_Task statement_
Reproduce word for word the line holding "シロクマコイル晩ごはんNow Foods, Aloe" and all lines after it in the data, through the end, leaving out pictures.

_Data extract_
########

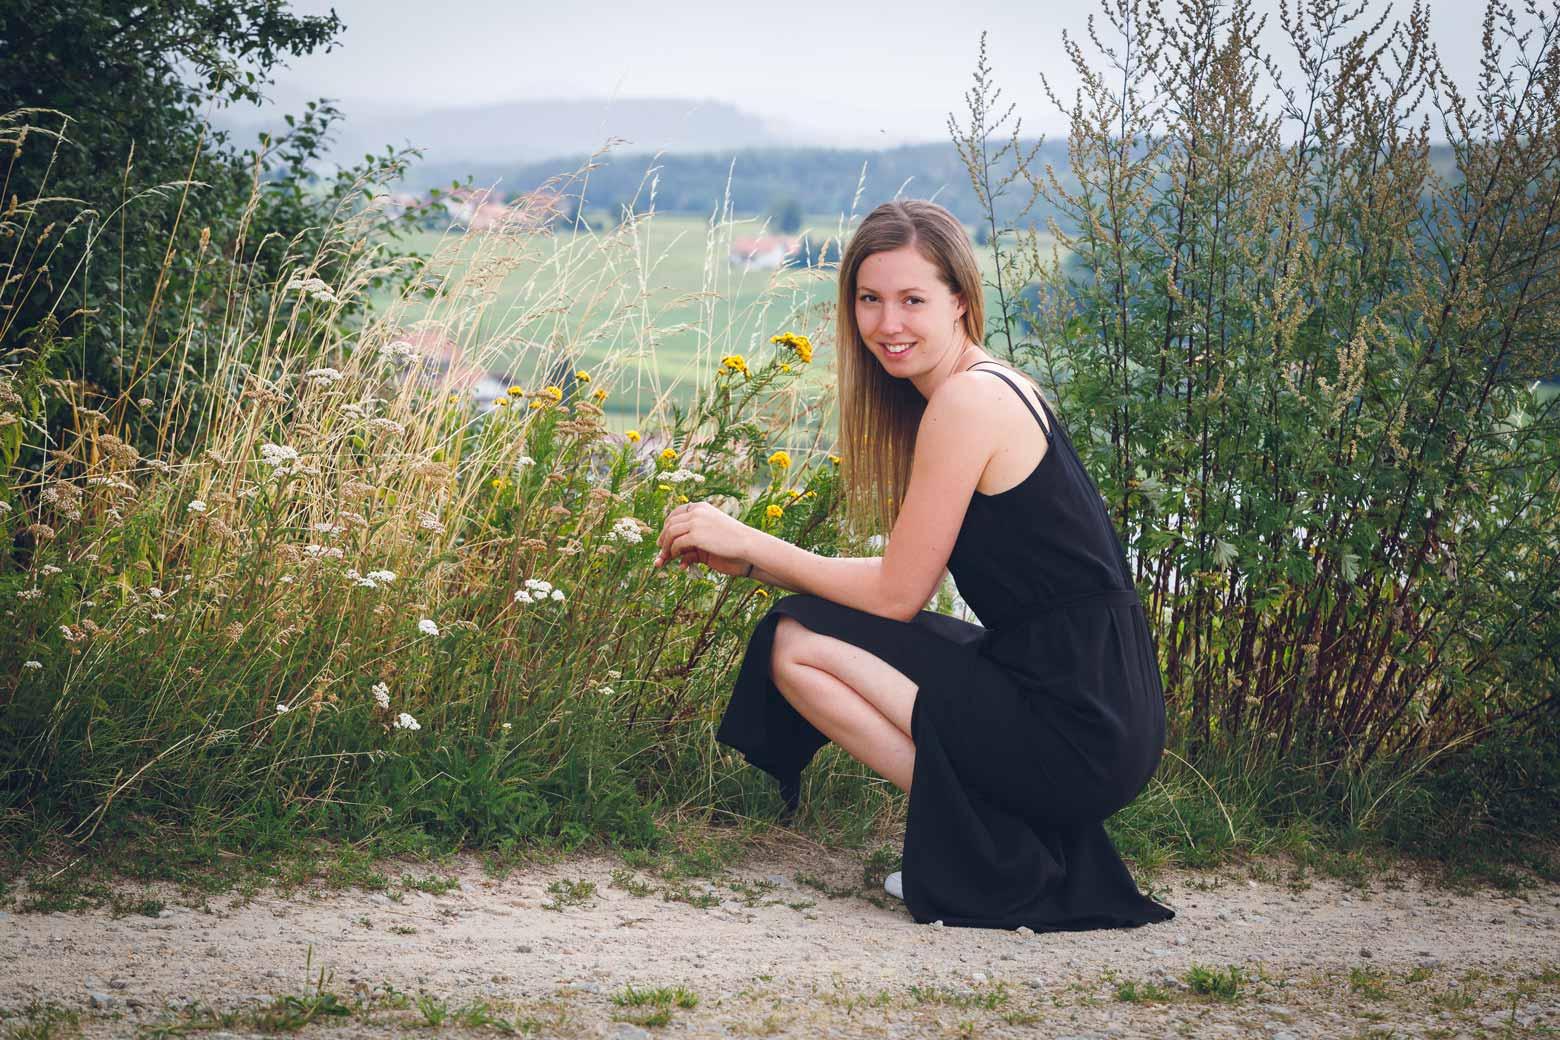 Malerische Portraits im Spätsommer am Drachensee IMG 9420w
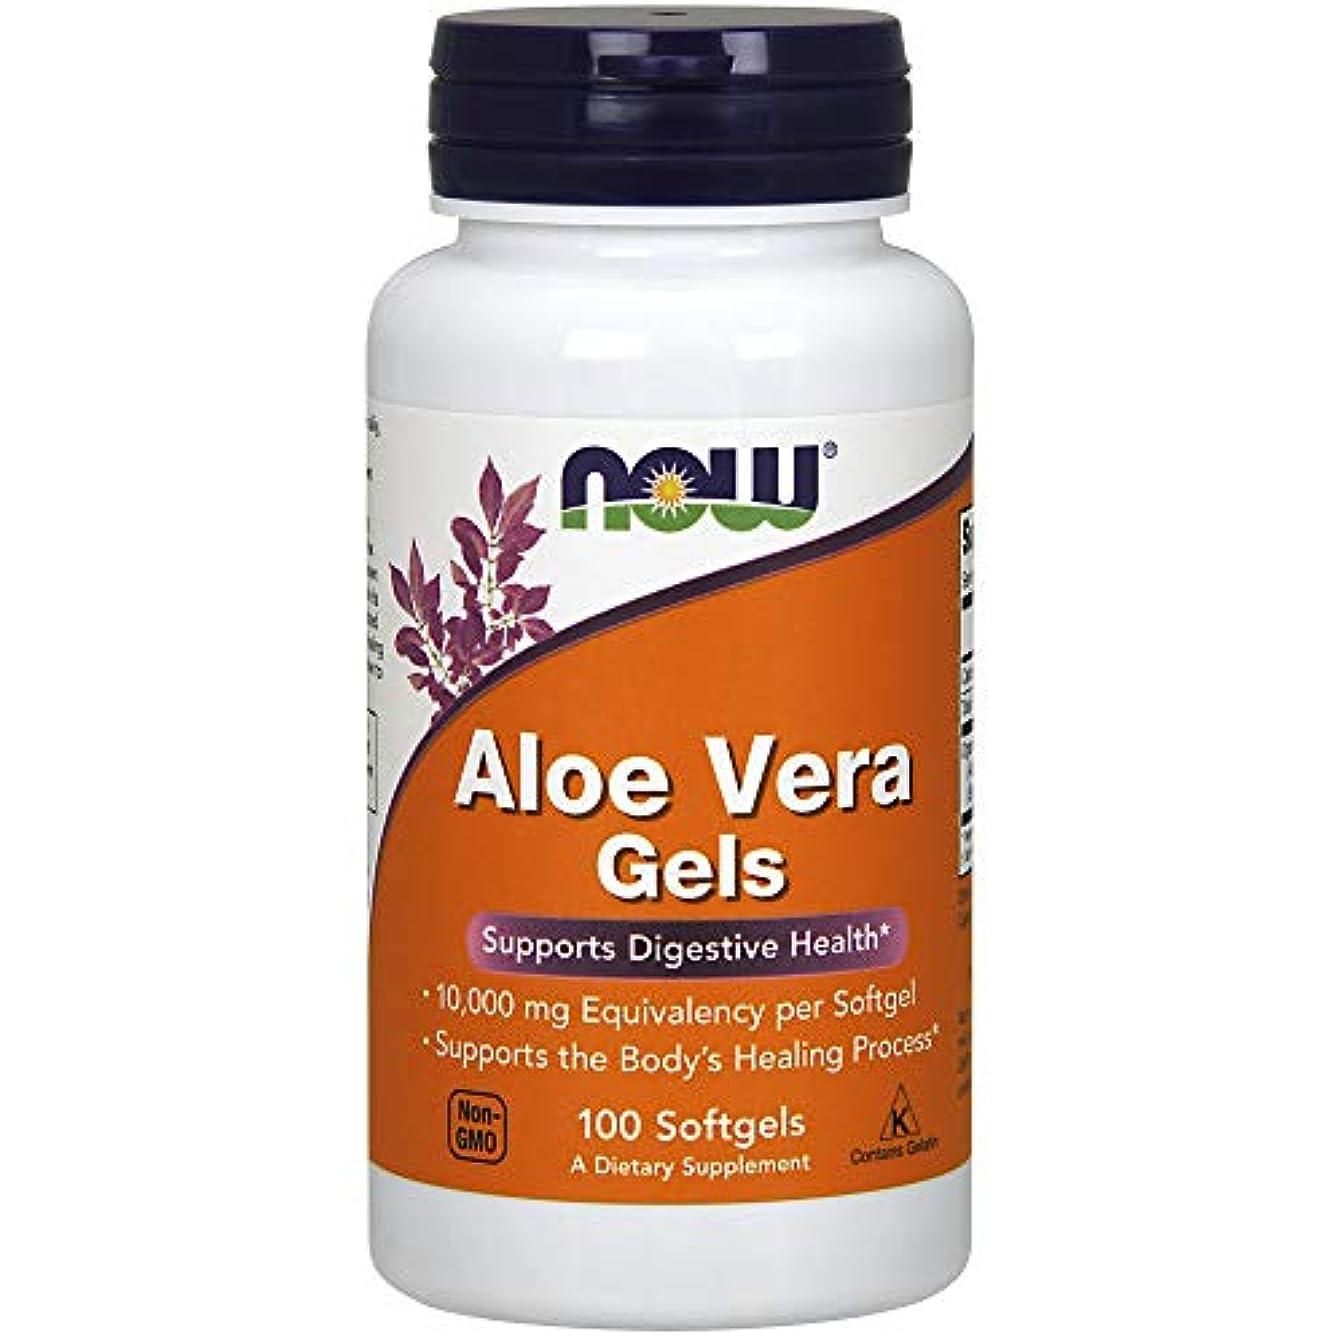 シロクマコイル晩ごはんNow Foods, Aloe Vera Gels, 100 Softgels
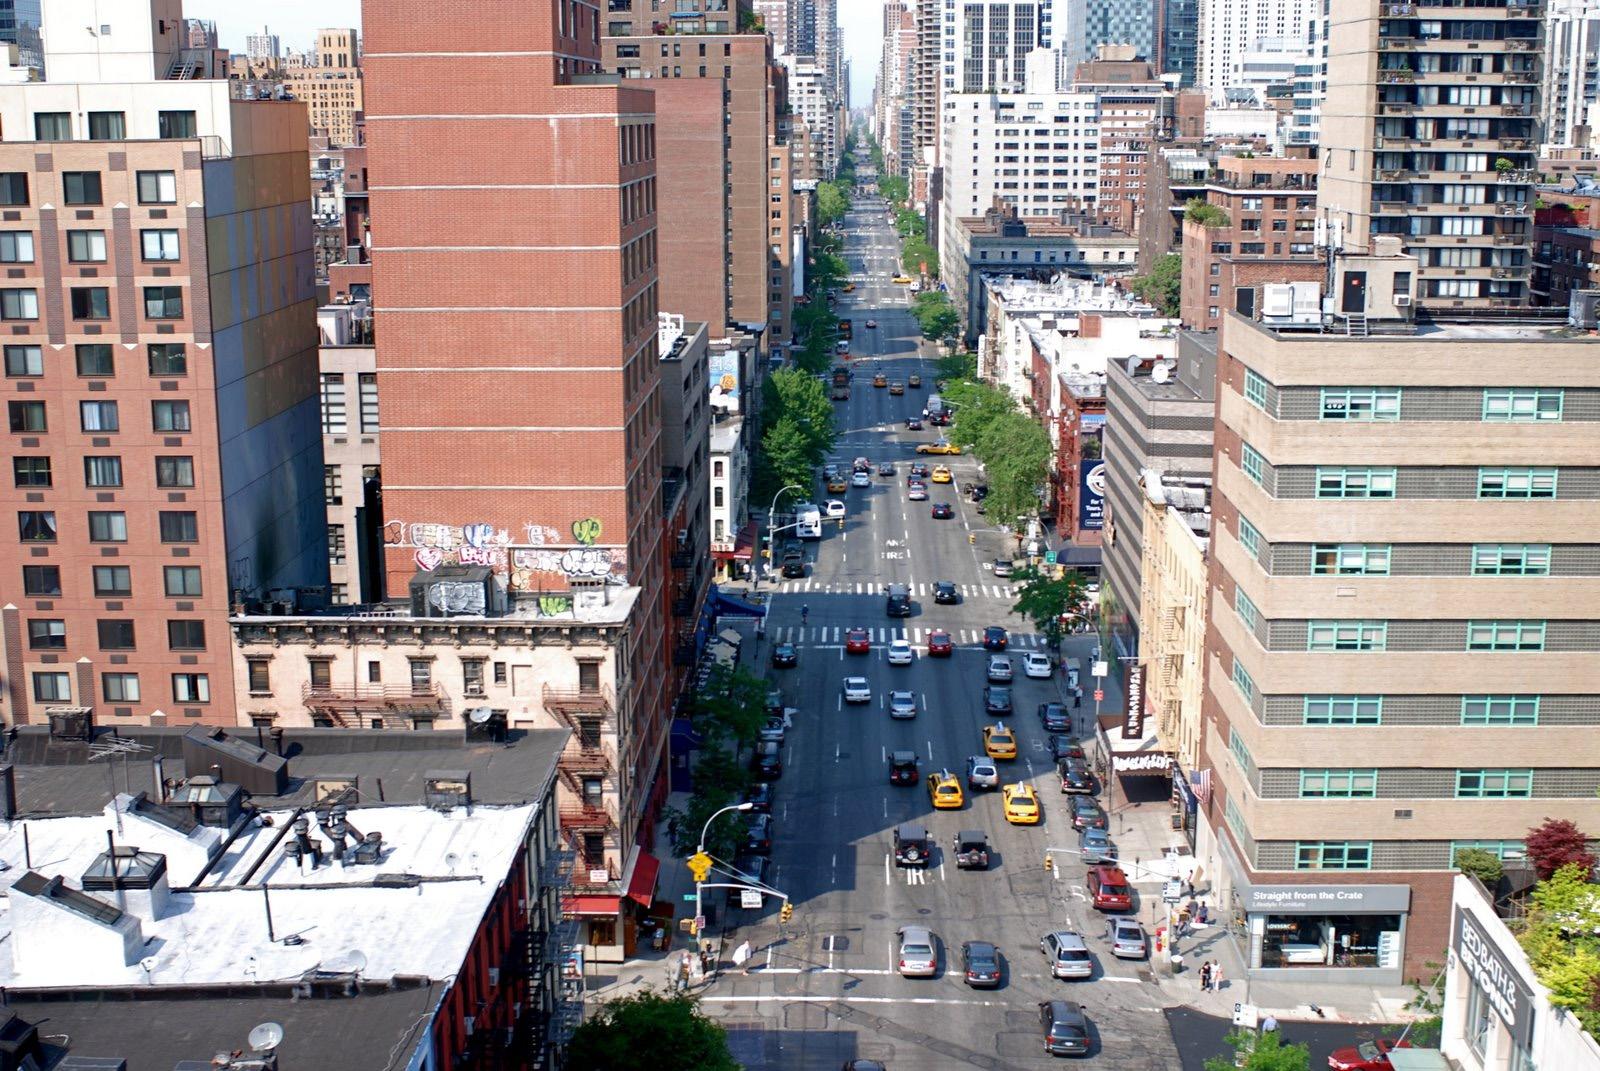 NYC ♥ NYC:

########

_Answer to the exercise_
 シロクマコイル晩ごはんNow Foods, Aloe Vera Gels, 100 Softgels
 NYC ♥ NYC:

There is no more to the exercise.